Kodim 0608/Cianjur Tegaskan Aksi Perampokan Yang Meresahkan Masyarakat Bukan Anggota

Kodim 0608/Cianjur Tegaskan Aksi Perampokan Yang Meresahkan Masyarakat Bukan Anggota TNI. (Foto: Ali).

Cianjur | Isu mengenai aksi perampok yang mengaku sebagai anggota TNI Mabes yang sempat viral di Cianjur akhirnya dipastikan tidak benar. Pihak aparat gabungan menggelar konferensi pers di Kantor Kecamatan Cianjur, Jumat (27/3/2026), untuk meluruskan fakta di balik video yang meresahkan masyarakat tersebut.
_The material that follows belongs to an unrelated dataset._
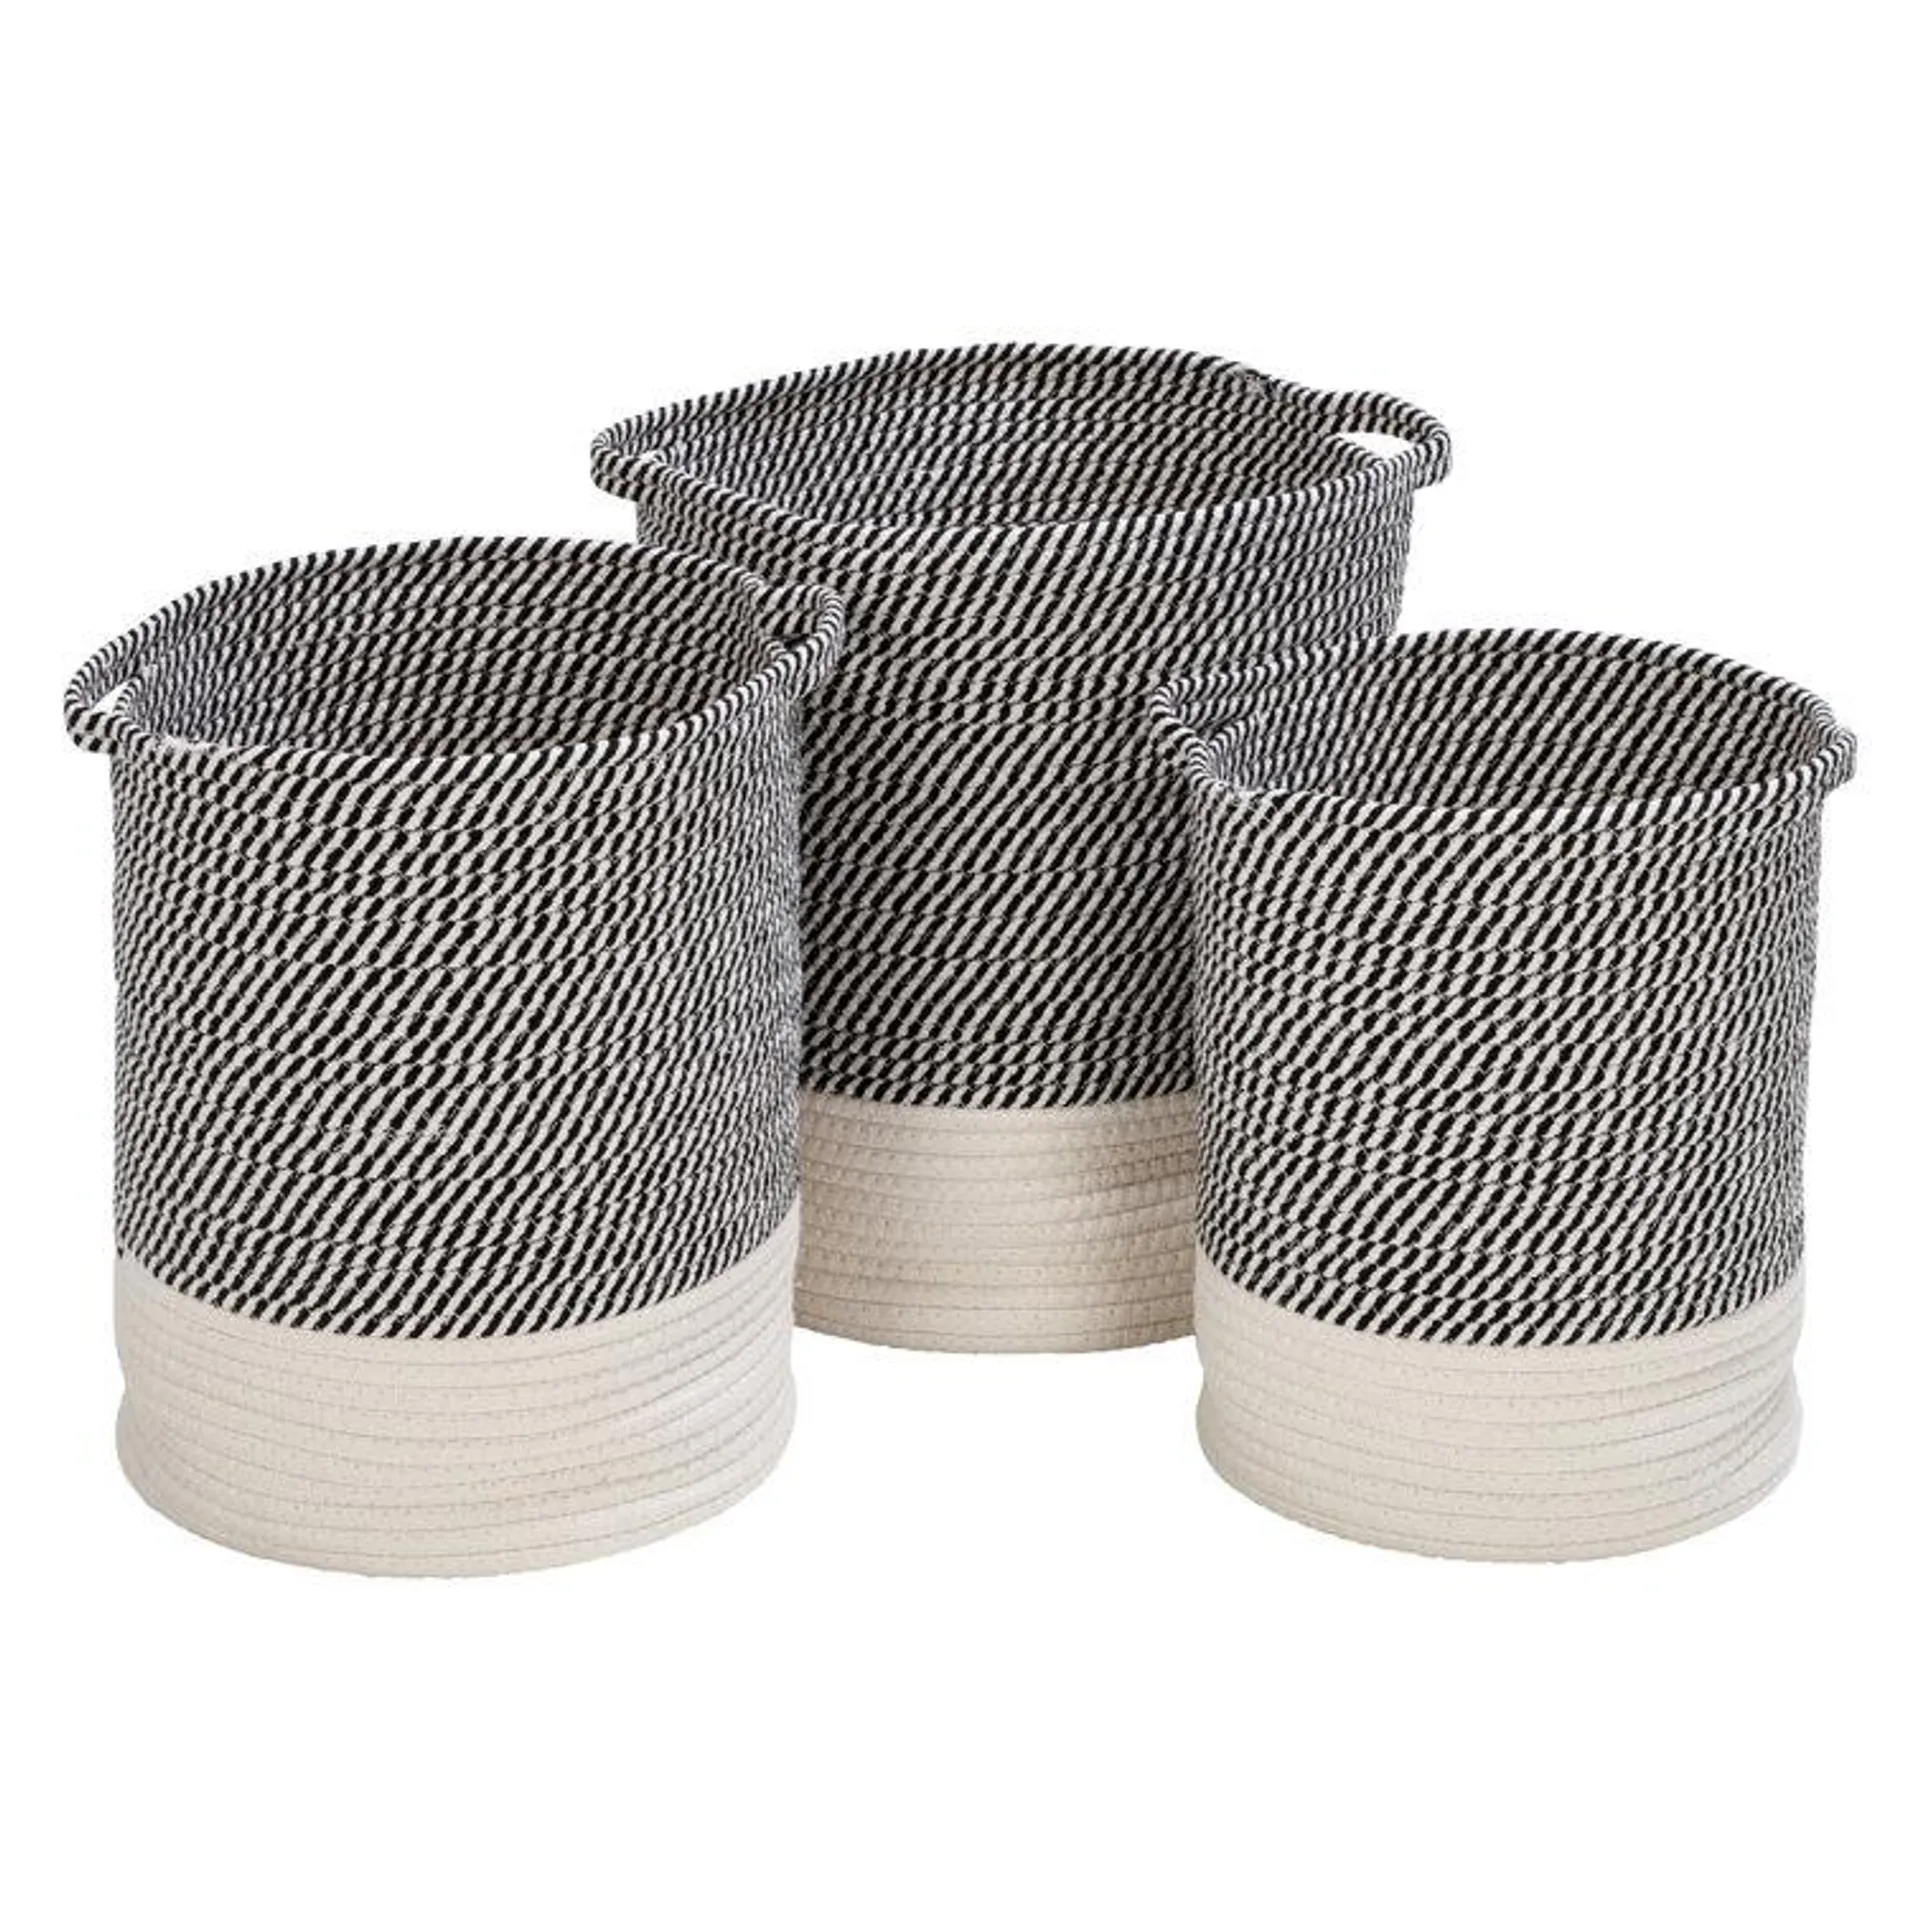 Nesting Fabric Basket - Set of 3 (Set of 3)

Kepala Staf Kodim 0608/Cianjur, Mayor Cba Ujang Rohmat, dengan tegas membantah adanya keterlibatan anggotanya dalam aksi kejahatan tersebut. Menurutnya, narasi yang beredar adalah hoaks.

“Kejadian yang sempat viral menyebutkan dua anggota TNI itu tidak benar, itu hoaks. Tidak ada hubungannya dengan anggota TNI, apalagi disuruh oleh anggota TNI seperti yang beredar,” tegas Mayor Ujang.

Berdasarkan hasil pendalaman di lapangan, pelaku merupakan warga sipil. Senjata yang membuat warga ketakutan pun ternyata bukan senjata api, melainkan pistol mainan jenis airsoft gun.

Kasus ini bermula dari masalah gadai kendaraan bermotor. “Modusnya soal gadai kendaraan. Mobil yang seharusnya ditebus ternyata sudah digadaikan lagi ke pihak lain,” jelas Ujang mengungkap motif di balik peristiwa tersebut.

Saat ini, Polres Cianjur telah mengamankan satu orang pelaku, sementara satu rekannya yang masuk dalam daftar pencarian orang (DPO) masih terus diburu.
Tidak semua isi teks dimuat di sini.